- [Source material]:
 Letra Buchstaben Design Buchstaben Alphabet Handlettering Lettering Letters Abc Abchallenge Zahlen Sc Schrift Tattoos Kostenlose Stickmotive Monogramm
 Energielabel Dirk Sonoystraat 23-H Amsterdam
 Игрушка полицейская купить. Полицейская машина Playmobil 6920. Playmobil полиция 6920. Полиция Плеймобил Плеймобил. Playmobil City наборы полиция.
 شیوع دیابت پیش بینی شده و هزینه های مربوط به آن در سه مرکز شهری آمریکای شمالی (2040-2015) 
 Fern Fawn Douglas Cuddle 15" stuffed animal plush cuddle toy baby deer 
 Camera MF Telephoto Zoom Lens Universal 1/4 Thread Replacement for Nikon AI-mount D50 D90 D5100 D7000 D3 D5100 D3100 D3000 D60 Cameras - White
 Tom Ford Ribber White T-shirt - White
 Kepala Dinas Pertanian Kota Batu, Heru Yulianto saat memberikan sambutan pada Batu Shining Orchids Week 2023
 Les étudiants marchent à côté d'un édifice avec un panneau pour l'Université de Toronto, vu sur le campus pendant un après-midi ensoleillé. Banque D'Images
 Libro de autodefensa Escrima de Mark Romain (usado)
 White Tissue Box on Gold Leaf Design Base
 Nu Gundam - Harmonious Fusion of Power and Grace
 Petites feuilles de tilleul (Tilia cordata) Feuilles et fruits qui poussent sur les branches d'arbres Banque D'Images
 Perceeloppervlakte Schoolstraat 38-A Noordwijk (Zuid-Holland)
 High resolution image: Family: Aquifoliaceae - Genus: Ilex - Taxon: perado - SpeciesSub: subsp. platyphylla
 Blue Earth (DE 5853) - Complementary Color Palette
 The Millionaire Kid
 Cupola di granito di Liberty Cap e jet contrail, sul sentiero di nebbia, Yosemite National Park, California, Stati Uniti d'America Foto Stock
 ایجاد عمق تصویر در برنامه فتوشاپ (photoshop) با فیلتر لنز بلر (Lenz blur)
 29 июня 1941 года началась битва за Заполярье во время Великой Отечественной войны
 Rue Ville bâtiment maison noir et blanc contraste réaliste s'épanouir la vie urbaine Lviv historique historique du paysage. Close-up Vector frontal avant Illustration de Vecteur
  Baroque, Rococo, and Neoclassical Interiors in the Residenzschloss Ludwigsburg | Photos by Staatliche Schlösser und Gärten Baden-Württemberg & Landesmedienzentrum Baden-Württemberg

- [What you should do]:
Take the listing above and repeat exactly the lines from the one containing "The Millionaire Kid" through the one containing "29 июня 1941", both included.

- [Completed task]:
 The Millionaire Kid
 Cupola di granito di Liberty Cap e jet contrail, sul sentiero di nebbia, Yosemite National Park, California, Stati Uniti d'America Foto Stock
 ایجاد عمق تصویر در برنامه فتوشاپ (photoshop) با فیلتر لنز بلر (Lenz blur)
 29 июня 1941 года началась битва за Заполярье во время Великой Отечественной войны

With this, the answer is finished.